Я думала, он знает, что я в домике с Кэлом. Ведь мы же его вместе строили. Но я вдруг почувствовала себя виноватой из‐за того, что нахожусь здесь, хоть и не могла понять, в чем моя вина. В той же степени, в какой Сет отказывался признавать старшинство Кэла и спрашивать его советов, я в свои одиннадцать обращалась к старшему кузену буквально по любому поводу. Если что‐то устраивало Кэла, значит, это годилось и для меня, потому что он был мудрым и добрым, и мне нравилось, как его глаза изгибались в два маленьких полумесяца, когда я делала что‐нибудь хорошее или смешное. Он был для меня компасом, который не соврет.

– Не говори ничего, – прошептал Кэл, опускаясь на корточки. – Так будет только хуже.

– Почему? – спросила я.

– Да он ревнует, вот почему, – сказал Кэл.

– Ревнует из‐за домика, про который сам говорит, что он тупой? – спросила я.

– Ревнует тебя ко мне, – прошептал Кэл.

Он сел рядом со мной на одеяло и несколько раз поменял положение, устраиваясь получше, как будто говорил: “Давай просто переждем, сядем так, чтобы удобно было ждать”. Сет тем временем продолжал выкрикивать мое имя, иногда прерываясь для того, чтобы стукнуть по дереву упавшей веткой или выстрелить в нас из воображаемого пулемета, а еще, судя по кряхтению и глухим ударам внизу, – предпринять тщетные попытки вскарабкаться по широкому, без единой веточки, стволу.

Я никогда прежде не думала, что способна разбудить в ком‐нибудь ревность.
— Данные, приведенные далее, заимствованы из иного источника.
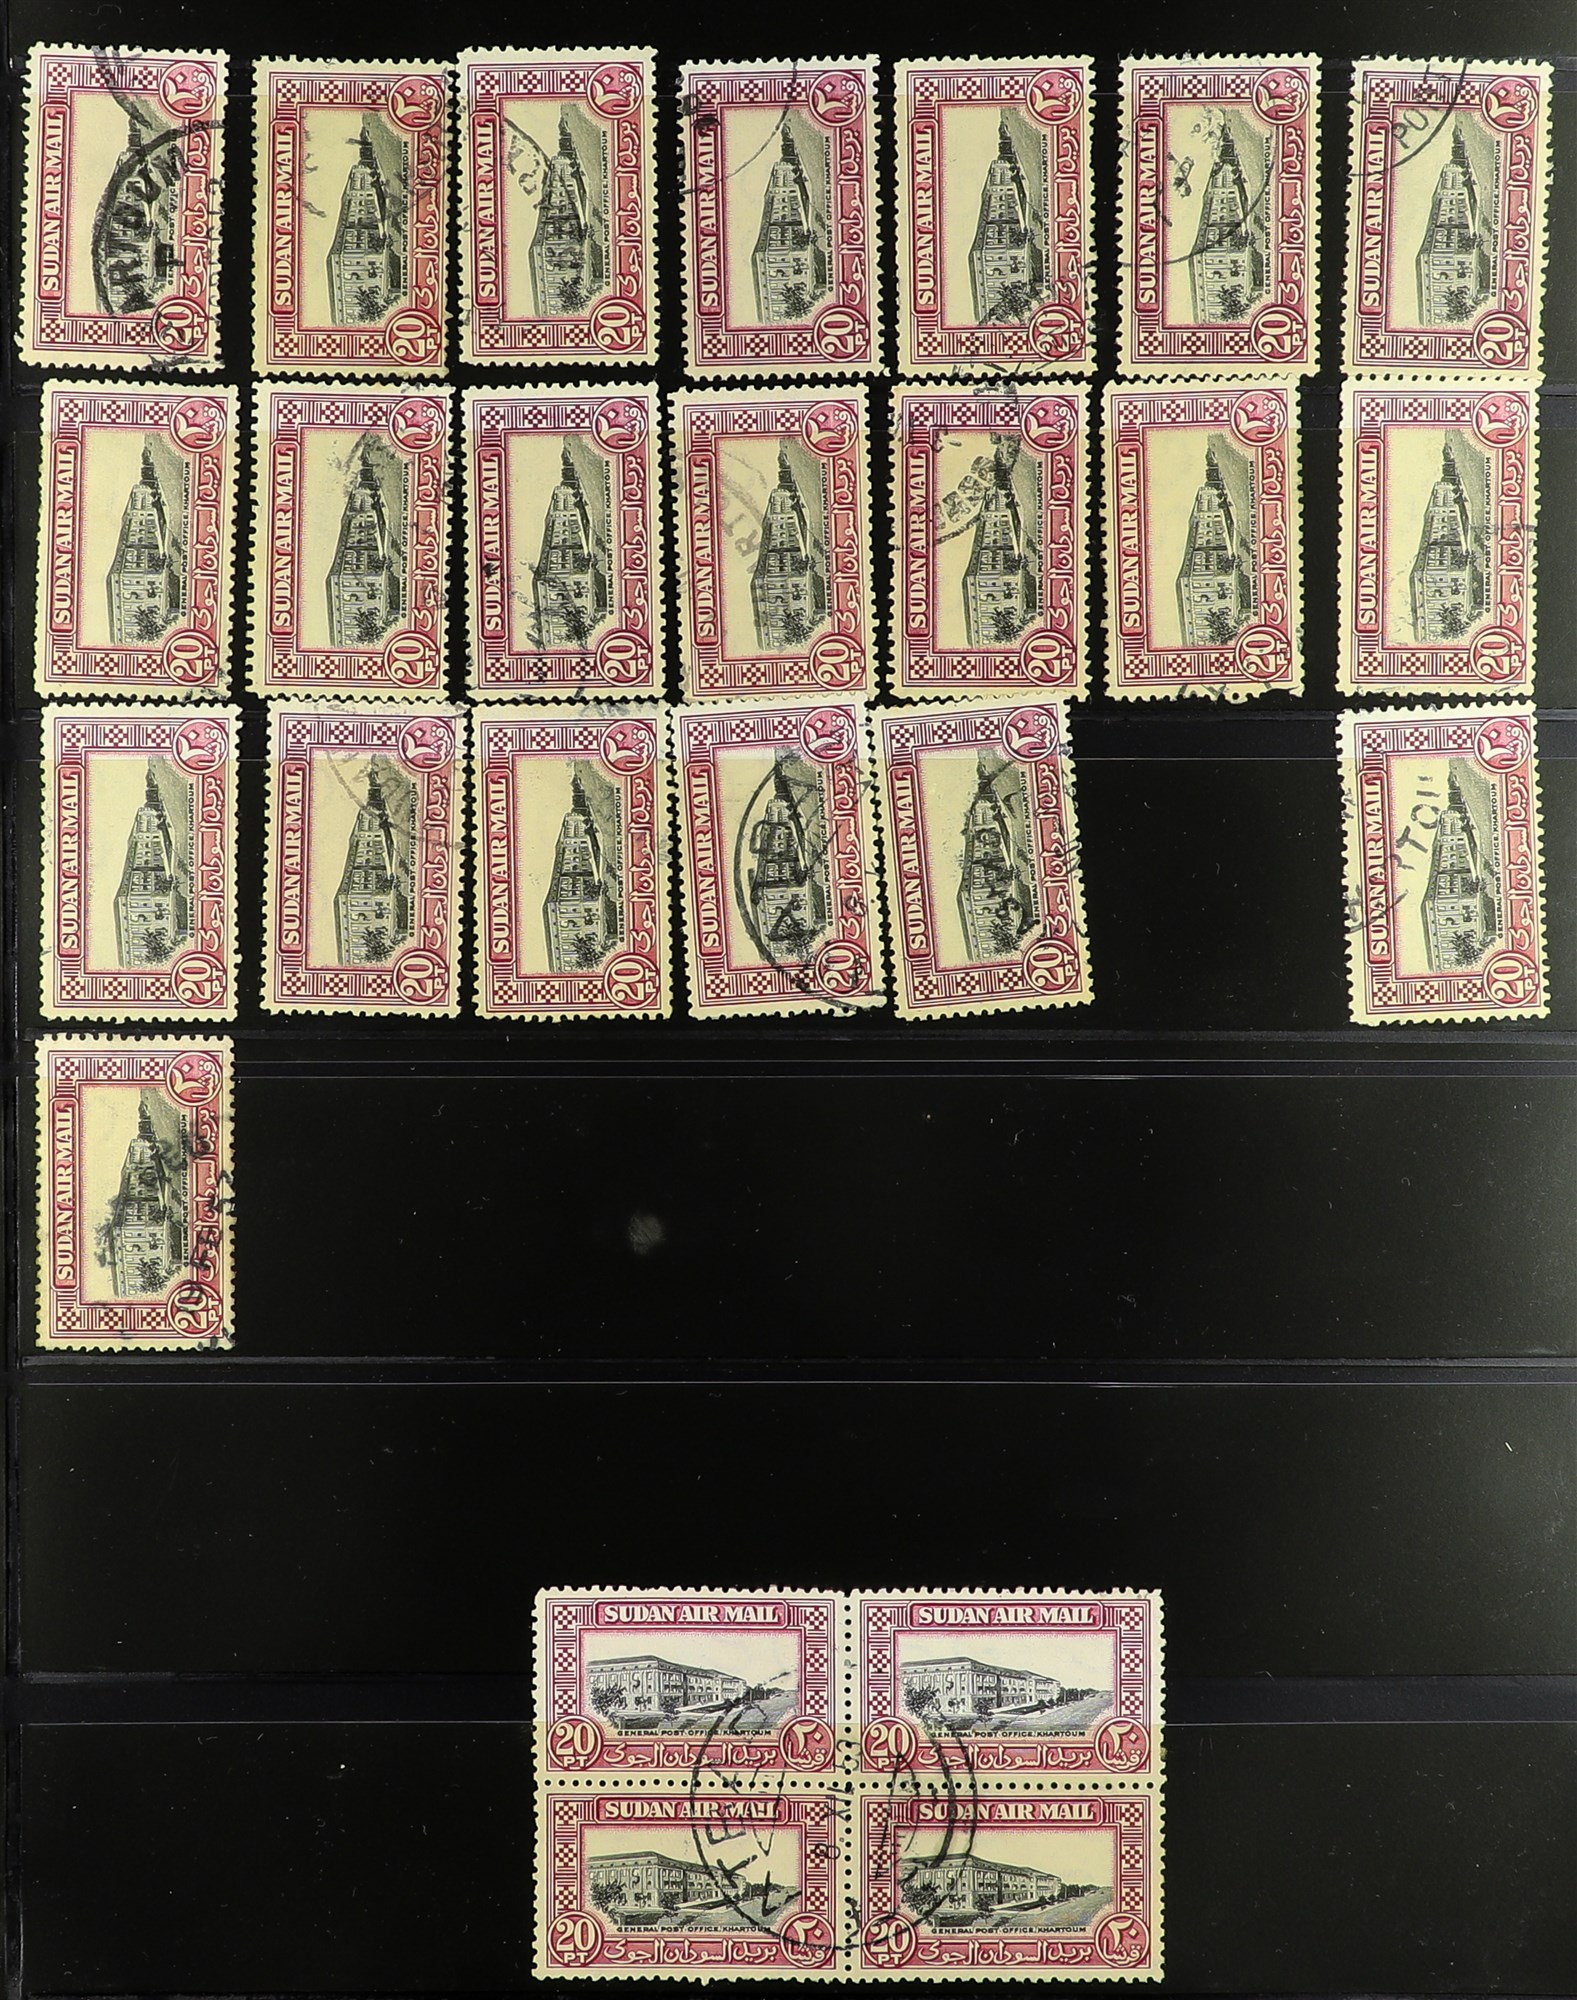 SUDAN 1898 - 1954 SPECIALISED USED RANGES IN 5 ALBUMS. Around 12,000 used stamps with many - Image 36 of 41

Ревность или зависть, как учили нас мама и Писание, были в глазах Господа сродни злости и даже убийству. “Зависть – гниль для костей”, – говорится в притче. “Иисуса распяли из зависти”, – говорил в своей проповеди преподобный Уитт. Если я, неказистая и неприметная, как мышка, могла вызвать в ком‐то зависть, значит, это чувство могло вспыхнуть из‐за кого угодно. Я понимала, что нахожусь в опасной близости от чего‐то ужасного, и понятия не имела, как там оказалась. А Сет все выл и выл внизу, выкрикивая мое имя, как собака, которая лает, требуя свою добычу.
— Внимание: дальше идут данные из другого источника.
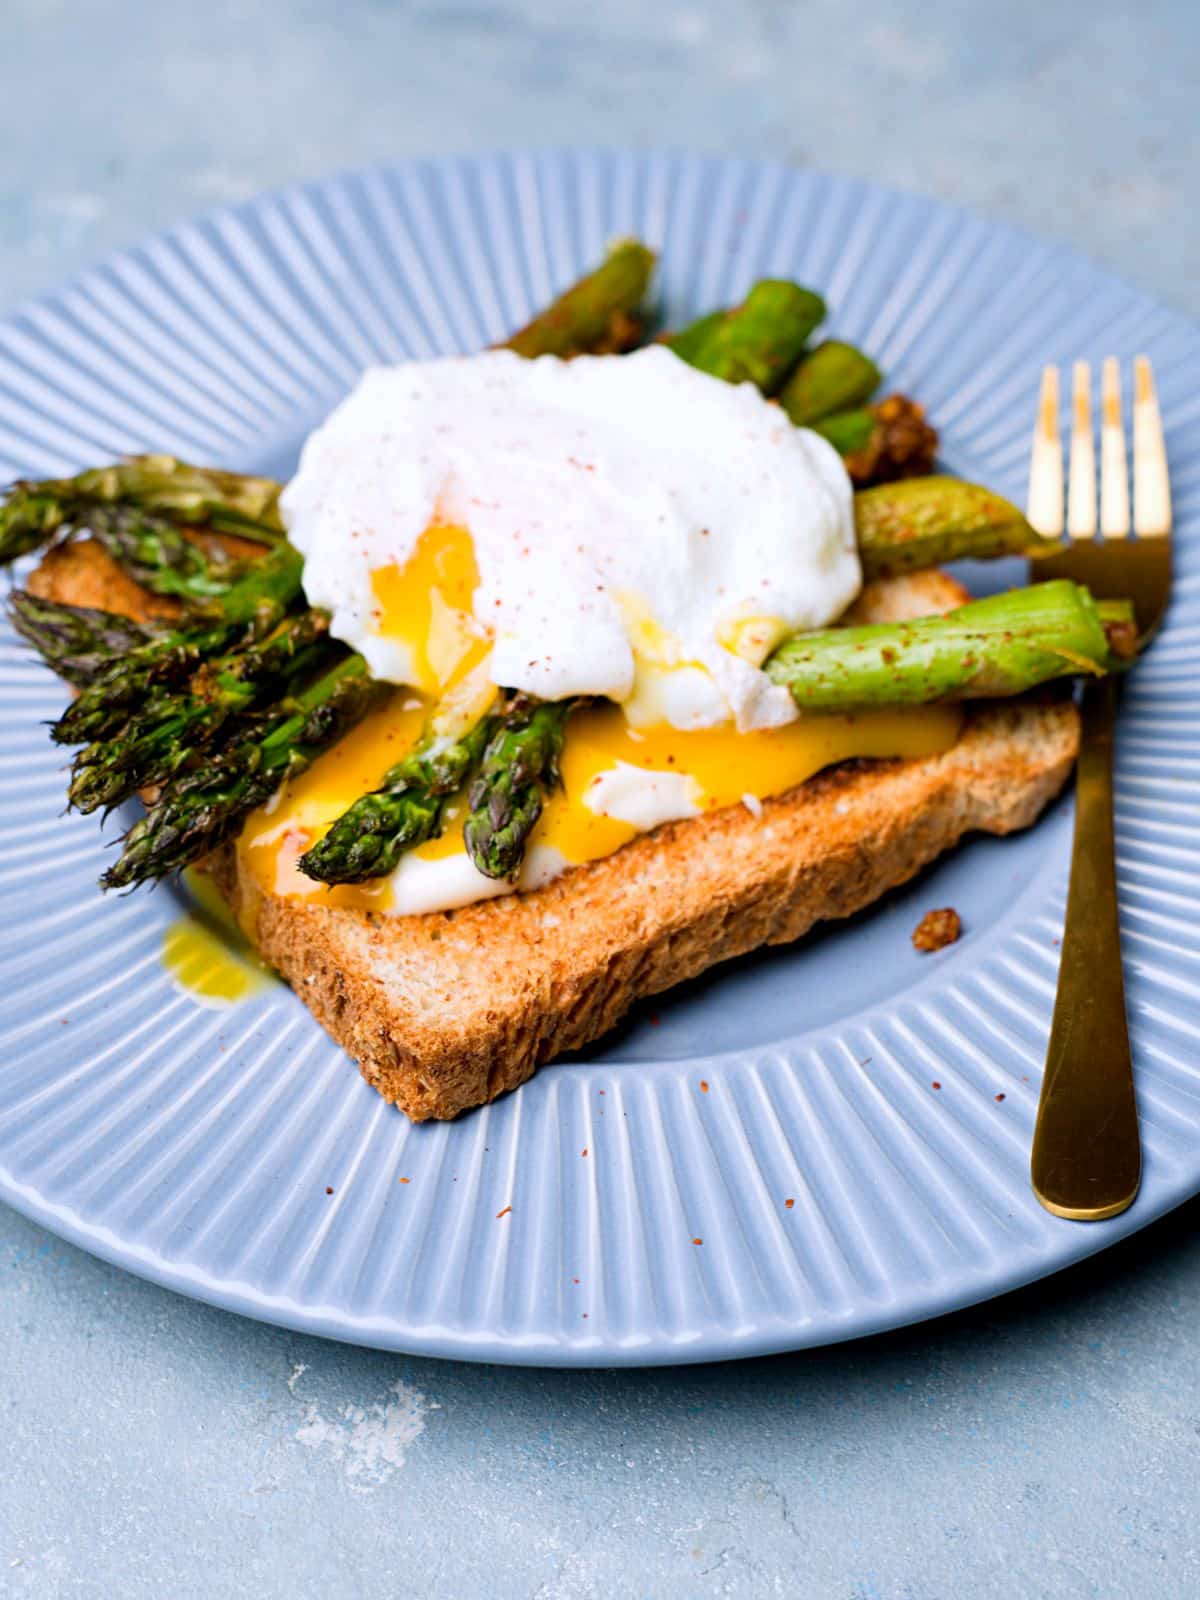 A toaste with roasted asparagus and a poached egg with egg yolk running out and a golden fork on blue plate,

Мы с Кэлом молча просидели так час или больше, и все это время Сет не унимался. Когда солнце начало свой медленный летний спуск по западному горизонту, за нами пришел отец – напомнить, что пора кормить скотину.

– Это че тут такое делается? – рявкнул он, подойдя к дереву, и только тогда Сет наконец умолк.
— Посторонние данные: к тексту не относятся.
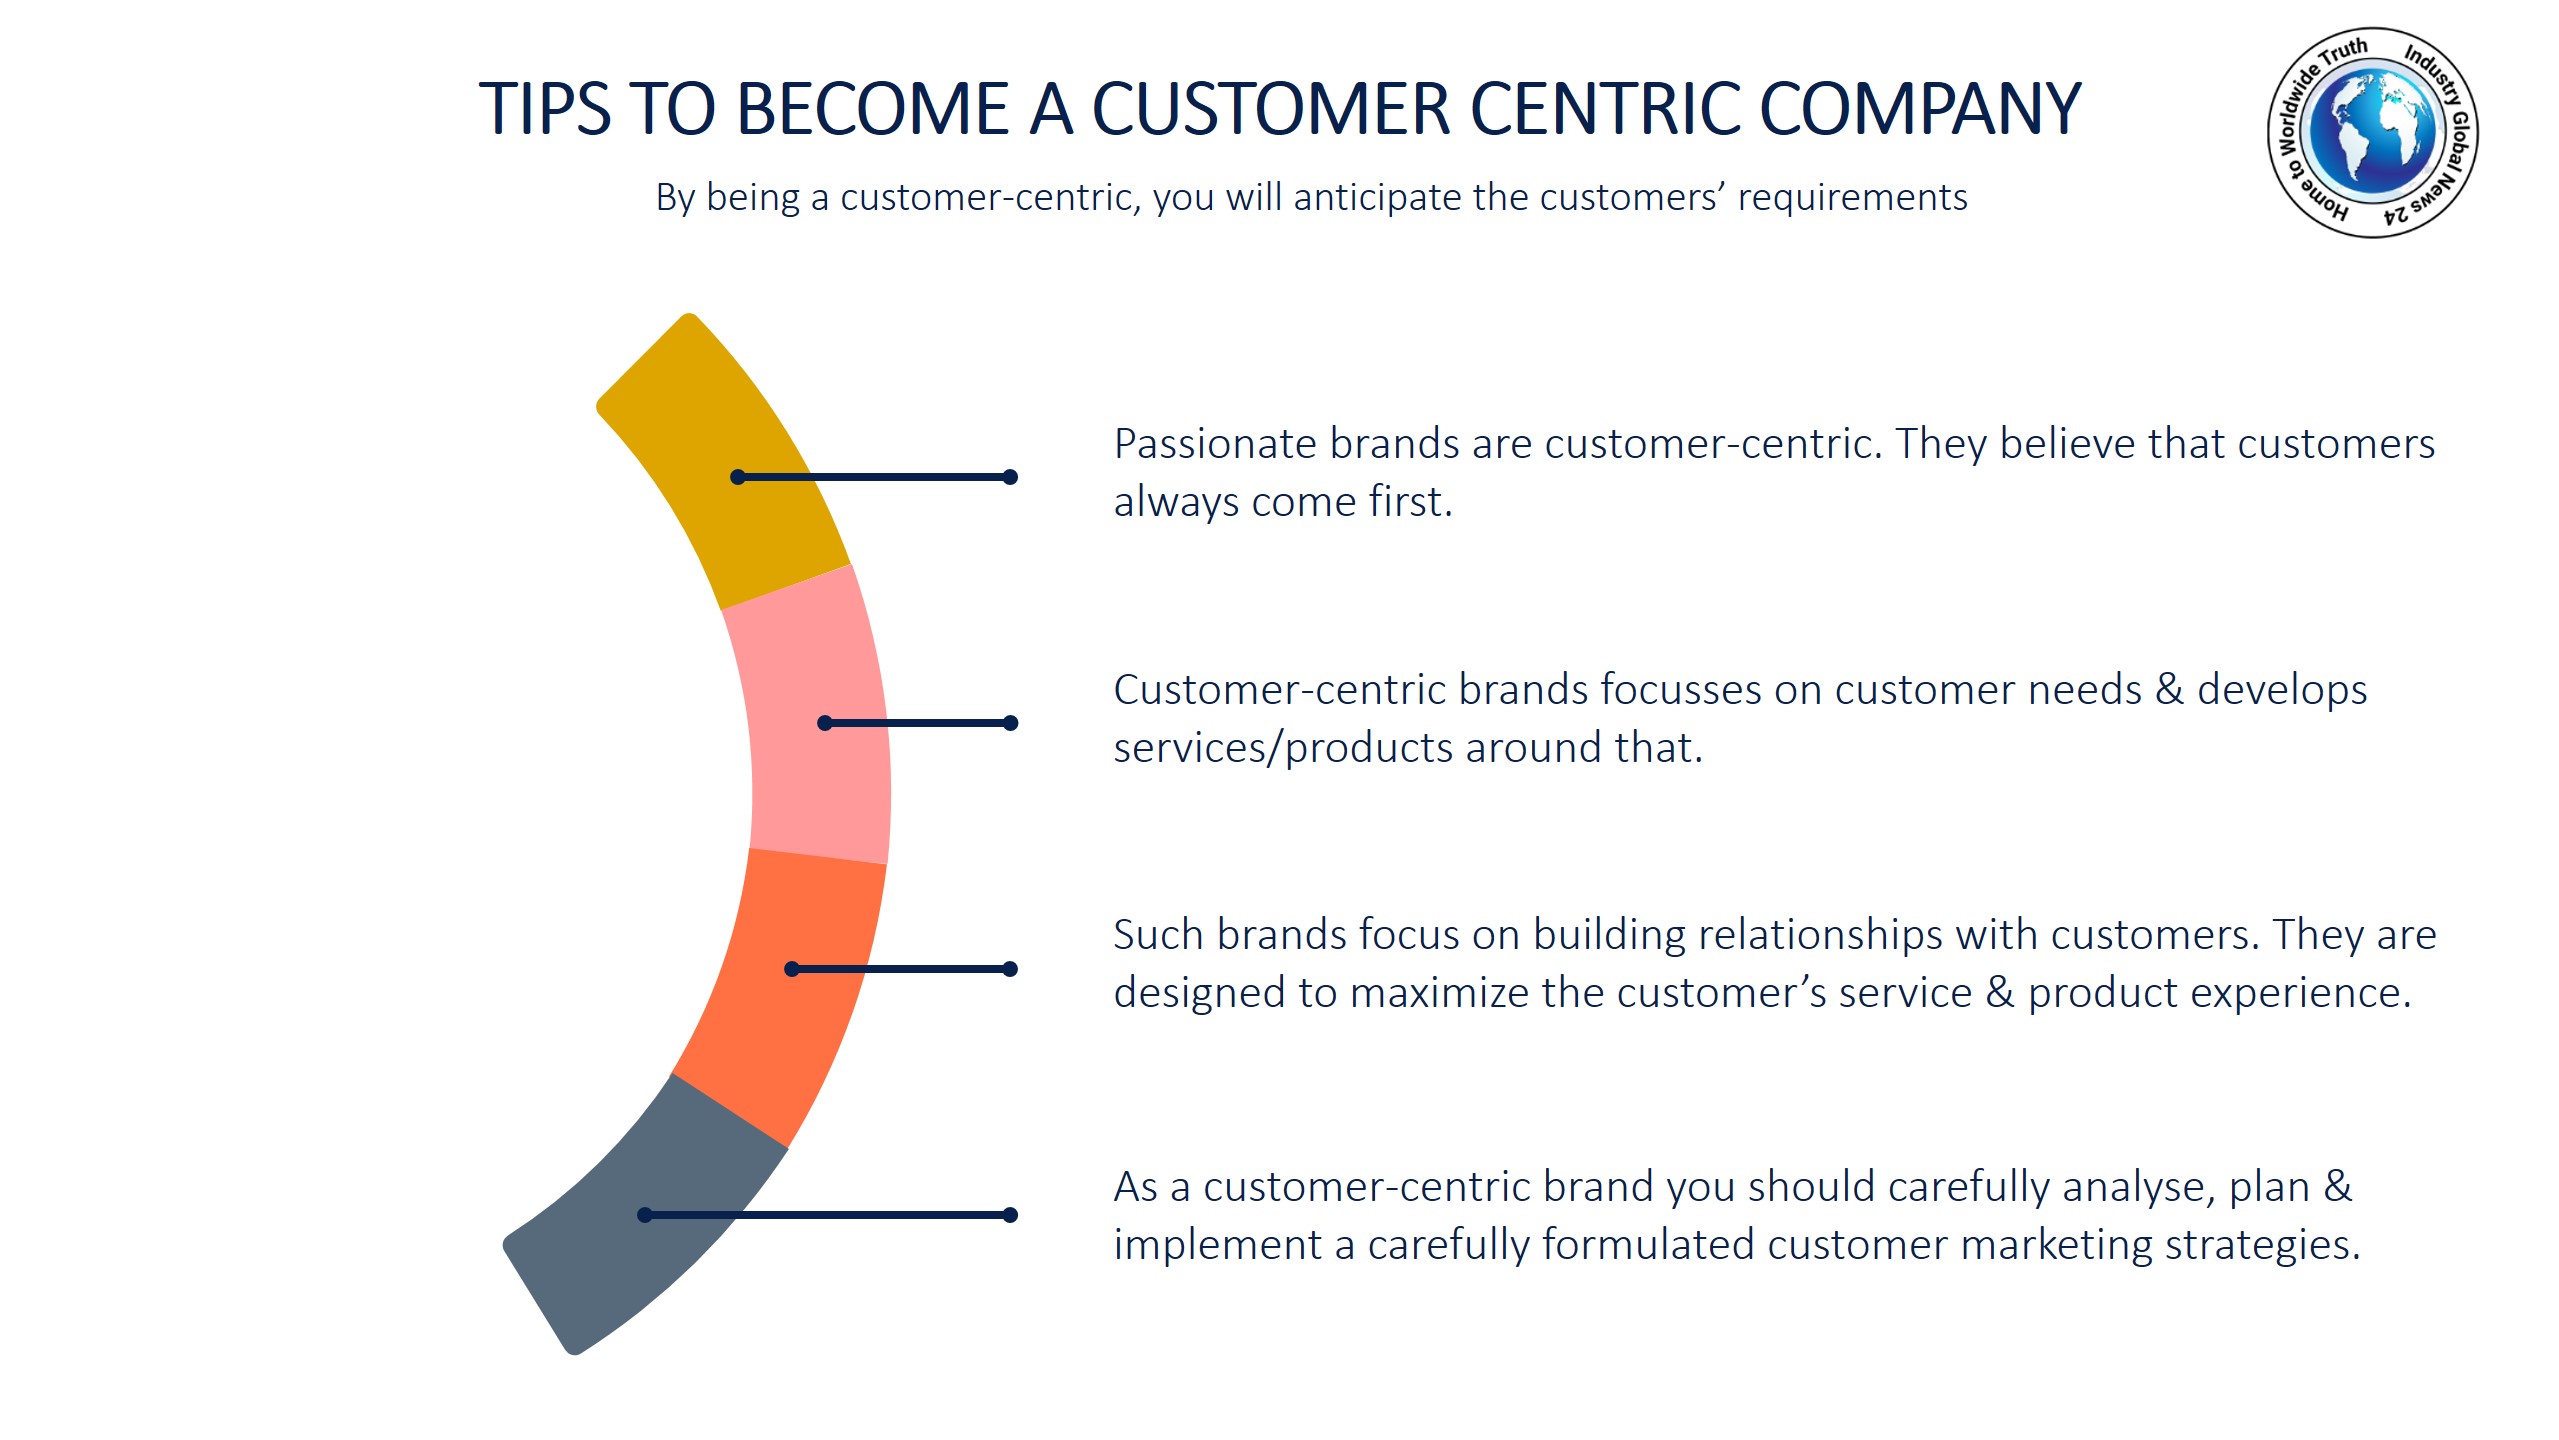 Tips to become a customer centric company

Мы с Кэлом выглянули через дно домика – посмотреть, как Сет получит по заслугам.

– Ниче, – ответил Сет, уставившись в землю и пнув камень.

Его взмокшие волосы торчали во все стороны, как ветки полыни.

– А по‐моему, я все‐таки че‐то слышал, – сказал отец, сунув руки глубоко в карманы грязного комбинезона, – в такой позе он стоял всегда, когда пытался в чем‐то разобраться.

– Че-че! Не пускают меня в свой тупой сарай, – заскулил Сет.

– А свинарник сам себя выгребет, пока ты тут в домики играешься? – спросил отец. – Ну-к давай, бегом.

Отец смотрел, как Сет, потерпев поражение, плетется к свиньям. Я не могла понять: он стоит, погруженный в мысли о сыне, или просто хочет убедиться, что тот идет именно туда, куда было велено, но мы очень долго ждали, пока отец наконец перестанет смотреть в сторону Сета и велит нам слезать с дерева.

Веревочная лестница под моим ничтожным весом закручивалась и болталась из стороны в сторону, пока отец не ухватился за нее внизу и не натянул, – и тогда я спустилась прямо в его подставленные объятья. Мне нечасто доводилось оказаться в объятиях отца, поэтому я воспользовалась случаем и обхватила руками его шею, уткнулась лицом ему в плечо и вдохнула его запах. Я даже оплела тощими ногами его талию, пока Кэл сползал по лестнице с корзинкой и одеялом под мышкой.

Что‐то в том, как отец отцепил меня от себя и грубо опустил на землю, и в жестком тоне, которым он сказал, что мы бы не умерли, если бы пустили Сета к себе, напомнило мне одно из многих маминых наставлений, из книги Иоанна: “Любишь Бога, люби и брата”. Она часто напоминала нам, что мы грешим и каемся не по отдельности, а вместе. Я с ранних лет знала, что между мной и Сетом существует таинственная связь, и связь эта – навечно. Отец зашагал прочь, а я стояла там, маленькая растерянная девочка под домом на дереве, теперь слегка разрушенным, и даже предположить не могла, как низко мы с братом в конце концов падем.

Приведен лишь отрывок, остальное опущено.